The market is currently dominated by AIB and Bank of Ireland, which control 60pc of new mortgage lending.
At this morning's event, Mr Lane also said he is plotting a crackdown on financial firms that pose potential risks to consumers.
He said the Bank’s plan will involve “more intrusive and targeted assessments of those firms and products that pose the greatest potential harm to consumers, [and] an enhanced focus on the culture of firms and the individual accountability of the people who run the firms we regulate.”
“These measures are intended to embed high standards of conduct in order to deliver fair outcomes for consumers and will be reinforced by a commitment to take enforcement actions where these standards are not met,” he said.

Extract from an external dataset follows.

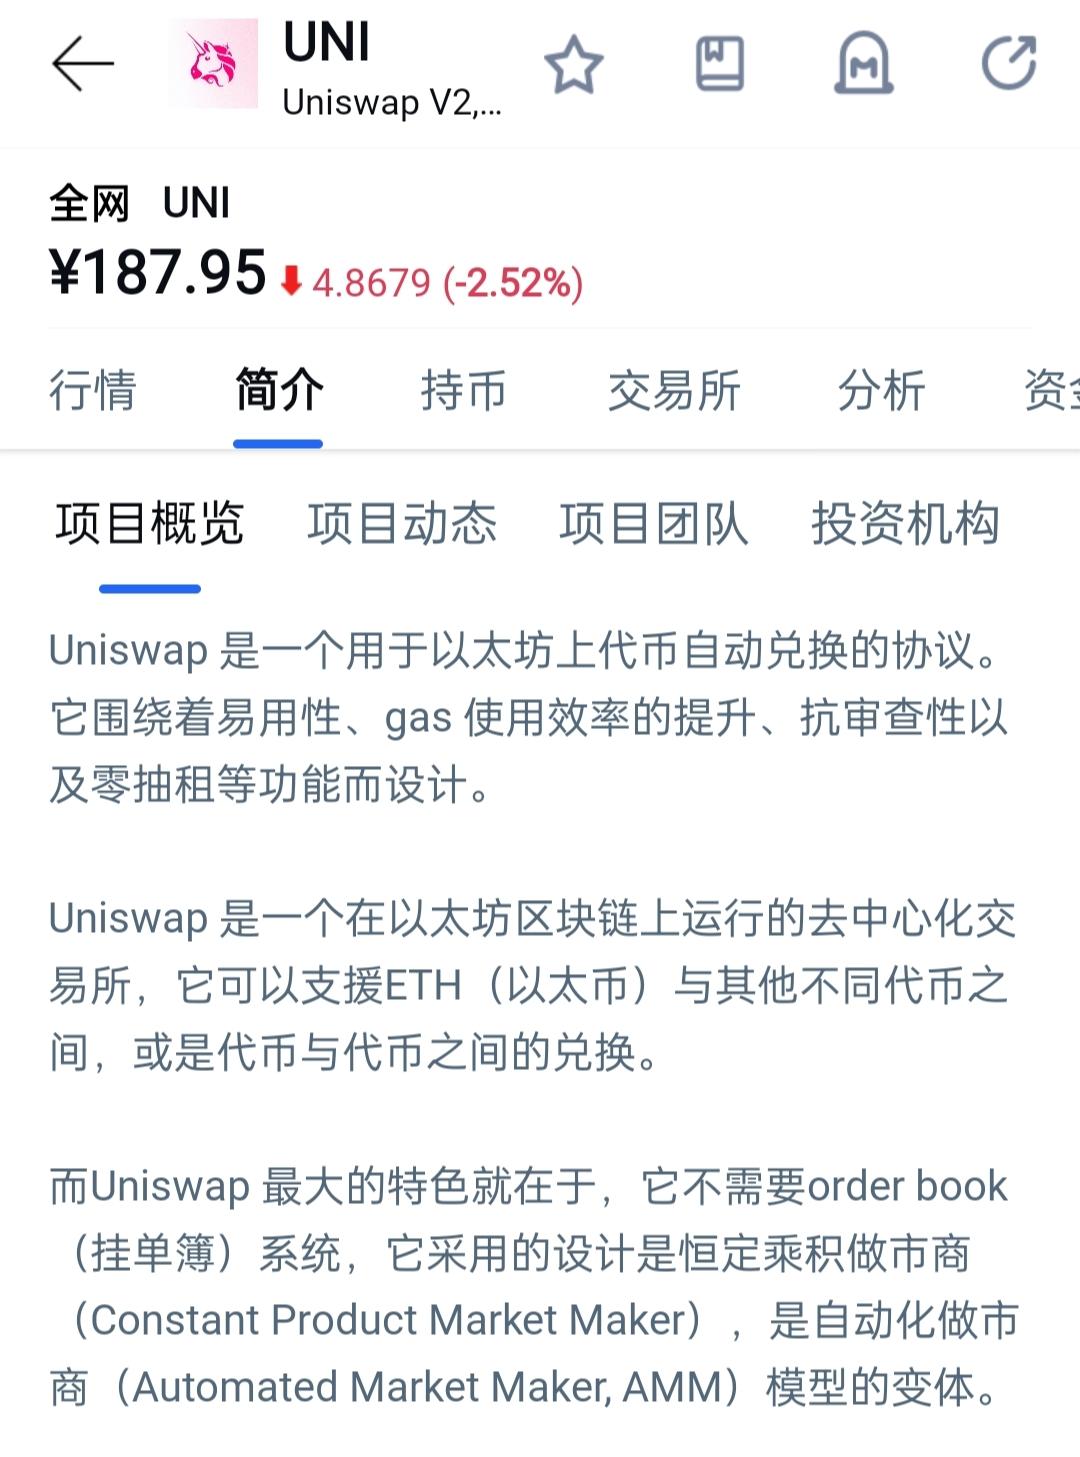 Uniswap Labs遭遇麻烦:蛋叔与火腿杠上了

The crackdown is part of the the Bank’s new strategic plan which is being launched today.
Five priorities for the Bank are identified in the plan: strengthening resilience; Brexit; strengthening consumer protection; engaging and influencing; and enhancing organisation capability.
Mr Lane discussed the importance of the "thriving" enterprise sector to the country's economic success at the event.

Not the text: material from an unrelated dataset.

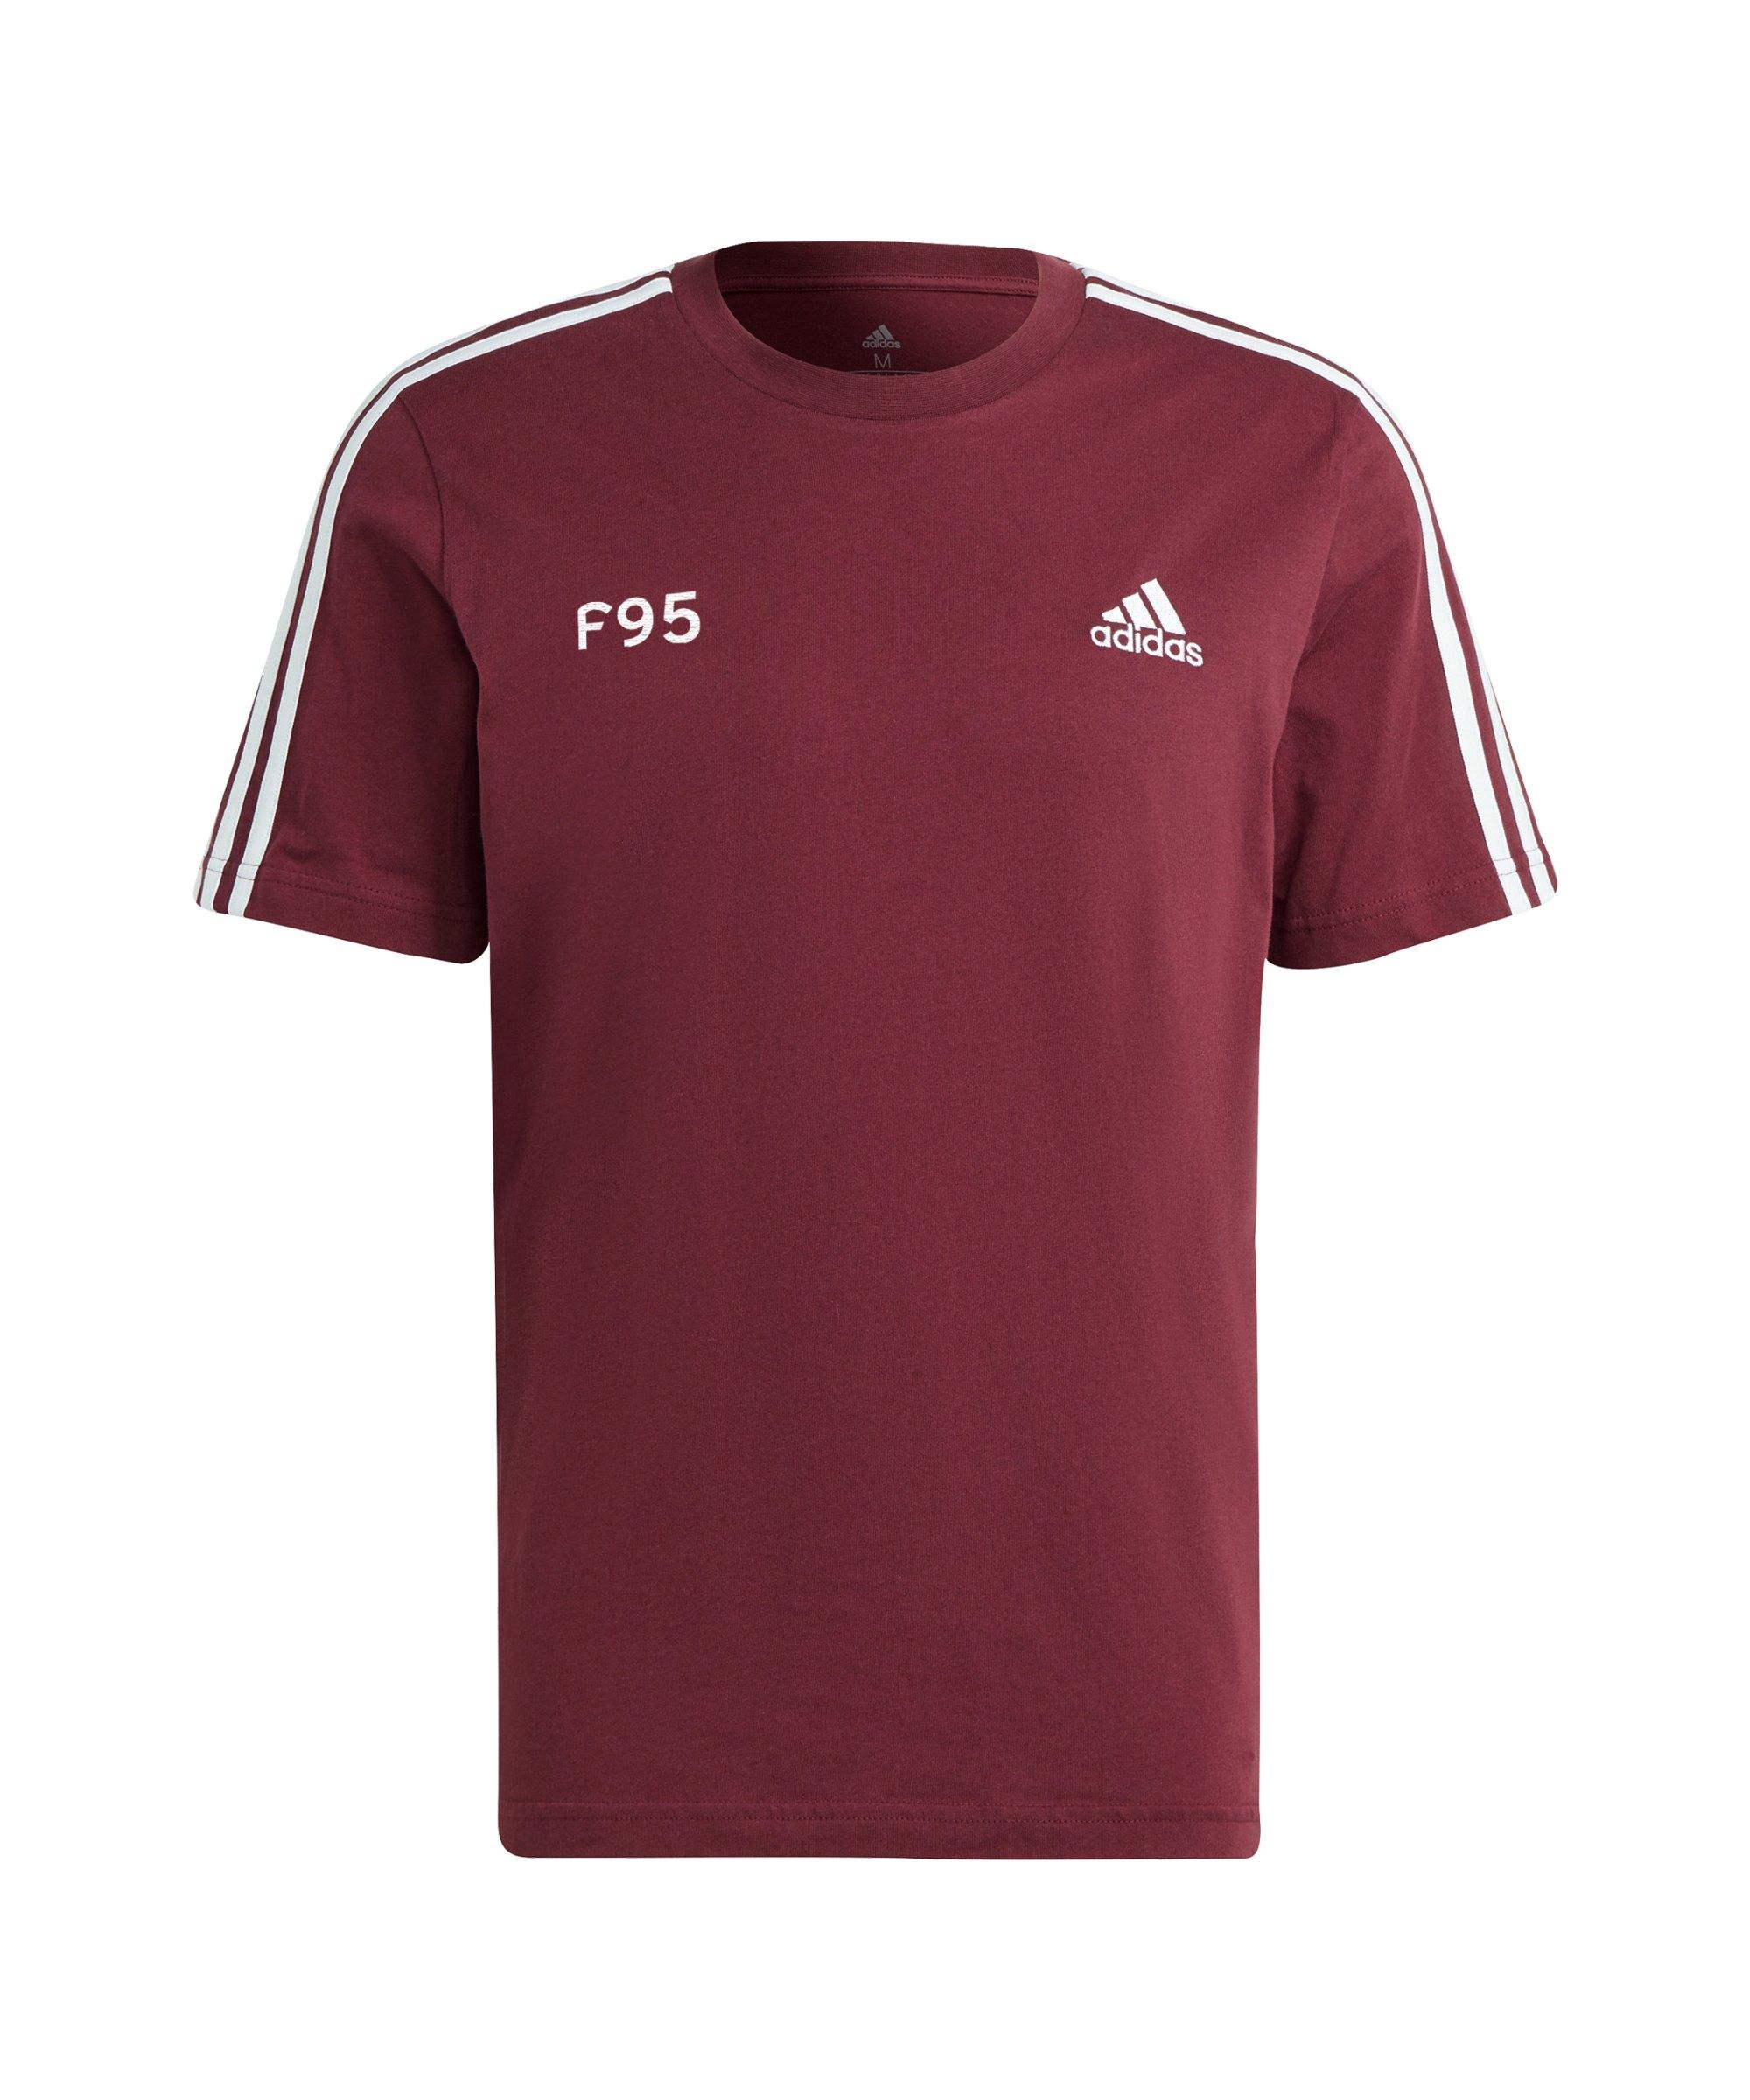 adidas Fortuna Düsseldorf Freizeit T-Shirt Rot - rot

"The employment, investment and innovation decisions made by the over two hundred thousand private sector firms active in Ireland are critically important in determining national economic performance," he said.
"In addition, the behaviour of firms also has a wider impact in terms of making progress in meeting the country’s social, environmental and regional objectives."
He warned that while Ireland's economy is in an expansion phase, it is volatile and open to impacts from potential Brexit scenarios, shifts in international trade or domestic policies.
New bank lending to SMEs outside of the financial and property-related sectors rose from €1.9bn in 2013 to €3.7bn in 2017
Mr Lane said that "while the availability and volume of SME finance have improved over the last five years, the cost of bank lending for smaller firms in Ireland remains high relative to peers elsewhere in the euro area".
"In this context, it is important to recognise the high levels of concentration in the SME bank lending market: the share of the three largest banks in new SME loans in the first quarter of this year was 93pc," he said.
Mr Lane said cheaper sterling after Brexit could hurt Irish business, and said he would like to see the Government running more ambitious surplus targets.